With both my first baby and this baby, I did not do any type of exercise for a week. Just completely rested and recovered (which I know sounds silly to some since I just gave birth but I am used to doing some form of activity, even easy walks, every day). After a week, I started adding in some walks and light weights in my basement. Since then I have slowly started getting back into a routine.  Right now I am going to CrossFit 2-3 times a week. I was still modifying everything at first but am now able to do most movements but am not even close to lifting the amount of weight I was pre-pregnancy. The other days I am working out at home either in my home gym with weights and some rowing/treadmill or simply doing body weight exercises at a field by my house. I hope to return to yoga but am not able to attend any classes since I have Madelynn with me all the time. (I am not good at doing yoga DVDs in my living room…I get too distracted.. “look a squirrel!” 🙂 ). I am still trying to stay away from a lot of jarring movements and have only added core in the terms of planks and some low back work.

I was thinking about how different this recovery feels vs. my first post-natal experience. After you give birth, your uterus will shrink back to its original size. This takes usually about 6 weeks to complete but the first few days it will shrink the most (and feels like cramping), especially during breastfeeding.  Breastfeeding signals to your uterus to shrink, which I think is just one of the many amazing things our bodies does during and after pregnancy. I remember the cramping with Caleb during breastfeeding but the cramping this time around (not just during breastfeeding but in the middle of the night) was SO much worse.   On the 2nd night home from the hospital I literally woke up moaning it was to so bad. However, it was then suddenly so much better.  At times I  think I feel stronger and that I am recovering a little bit quicker.  However, at other times, I am not feeling quite as strong as I am having pretty bad headaches, carpal tunnel and my hip and knees ache.   I will say the entire process seems a bit easier as I am not as stressed being a first time parent or constantly anxious about my newborn. However, I do also now have 2 children, one of which is a very busy toddler, which is no joke.  So really this recovery is just different.

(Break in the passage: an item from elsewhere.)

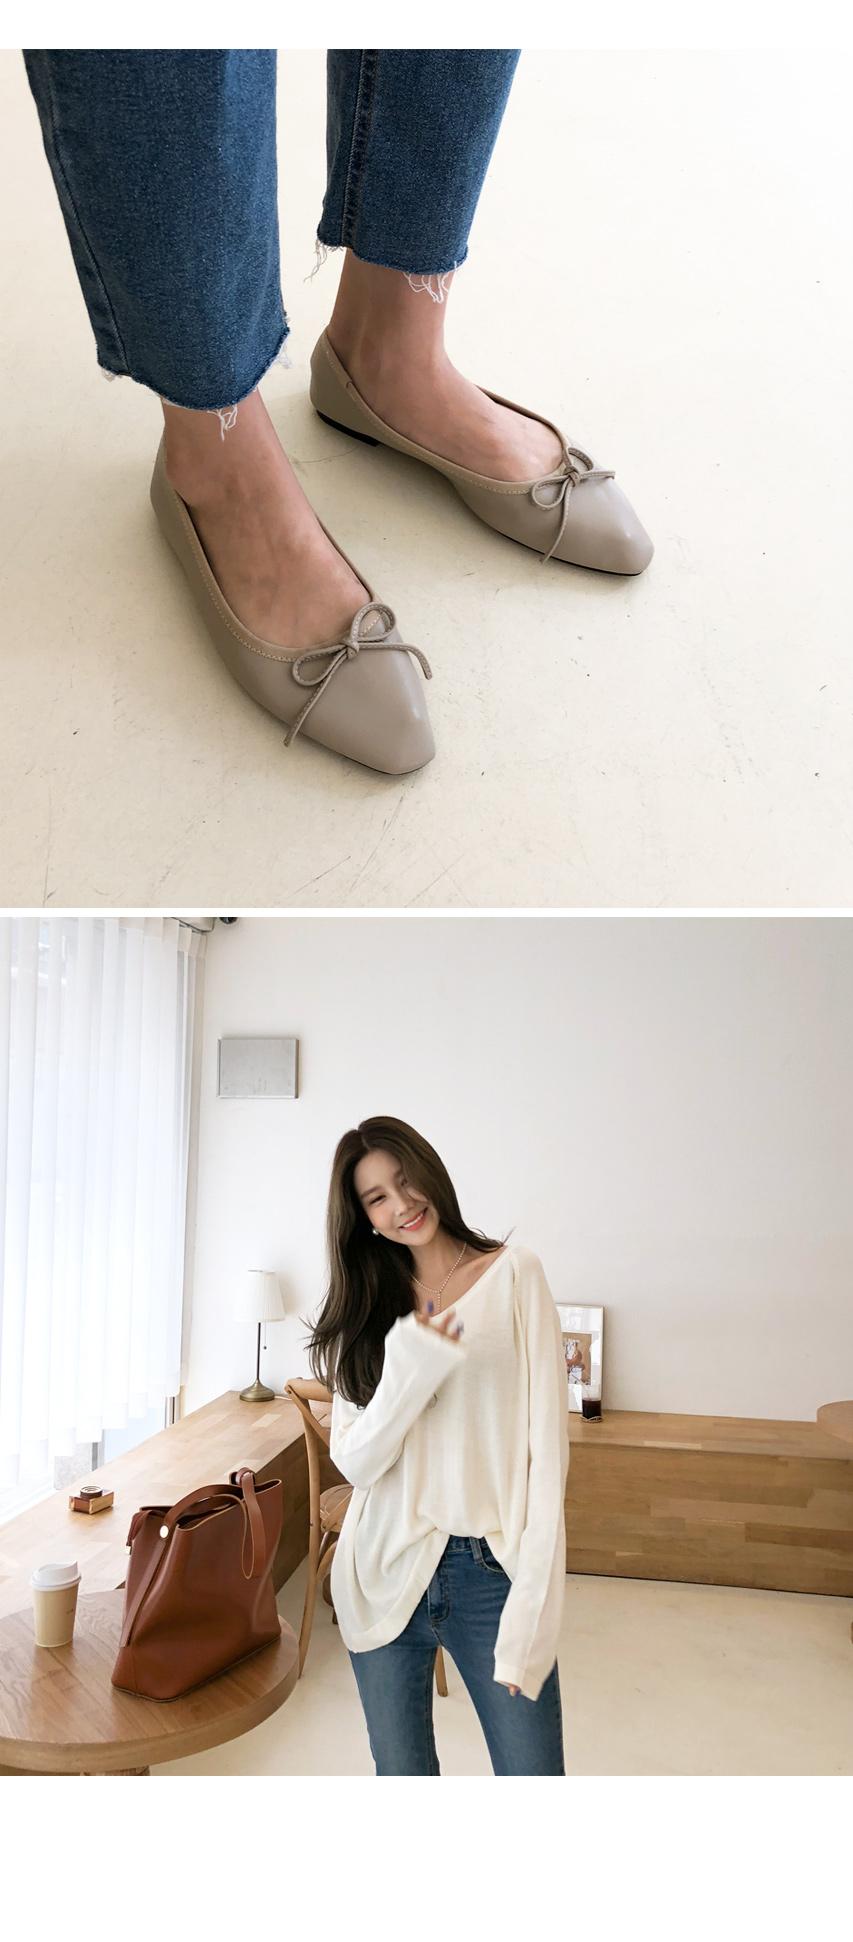 Shy mood shoes

Even though I feel that I am recovering a bit quicker every workout post-baby kind of sucks. Everything seems to be jiggling or leaking :). Some of my joints hurt, my boobs are way bigger than normal, and I have absolutely no core strength which makes the majority of lifting difficult and makes many exercises just plain hard. I feel pretty weak all around and at times feels like I did not workout once during my pregnancy.


Completing a CrossFit workout last week.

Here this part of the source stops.